Coltrane signed a two-year contract (one year, plus a one-year option) with Atlantic Records in April 1959. He was the leader of all of these sessions except Bags and Trane and The Avant-Garde, where he was featured with Milt Jackson and Don Cherry respectively. Albums from this period include Giant Steps and My Favorite Things. The Heavyweight Champion box collects his recordings for Atlantic, including all known outtakes.

Final Period

Coltrane became the first artist to sign with the new Impulse! Records when it bought out his Atlantic contract in April 1961. He would record for the label until the end of his life, and his success earned Impulse! a reputation as The House That Trane Built. Albums from this final period include the live album Live at BirdlandA Love Supreme, and Ascension.
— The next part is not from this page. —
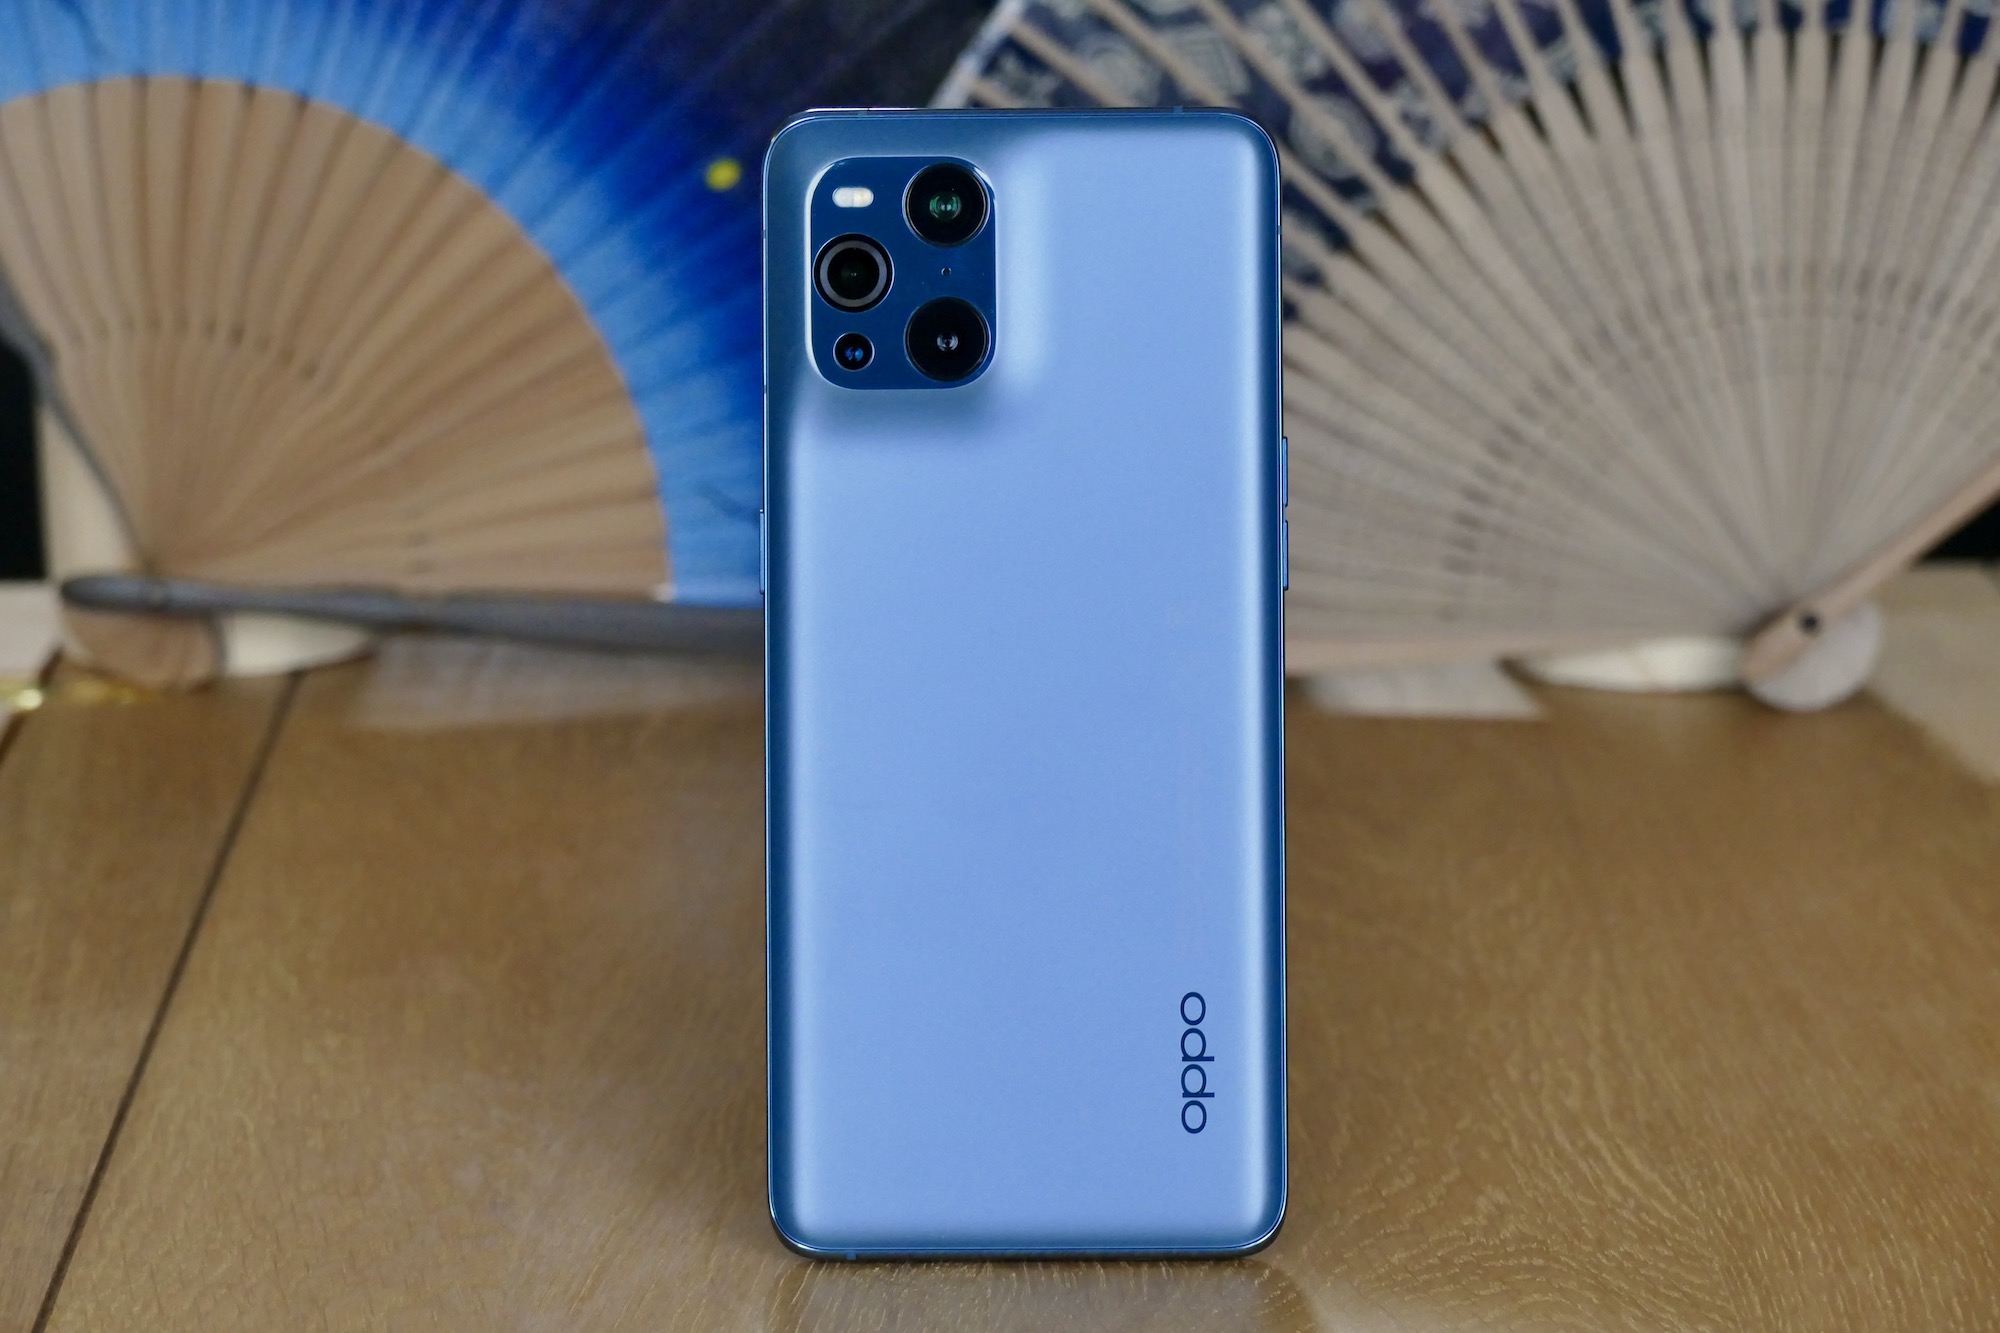 OPPO Find X3 Pro Hands-on Review: Premium Android that's Not a Galaxy

All of the companies Coltrane worked with during his lifetime have compiled and reissued his material. In addition, Impulse! has issued several previously unreleased live recordings, including Live in Japan and The Olatunji Concert: The Last Live Recording. Coltrane’s concert, television and radio performances generated dozens of unauthorized and bootleg recordings. Pablo Records, a label that specializes in live recordings, purchased rights to several tapes of his performances, and is therefore considered a legitimate source despite never signing him to its label.

Coltrane died of liver cancer at Huntington Hospital on Long Island on July 17, 1967, at the age of 40. His funeral was held four days later at St. Peter’s Lutheran Church in New York City. The service was opened by the Albert Ayler Quartet and closed by the Ornette Coleman Quartet.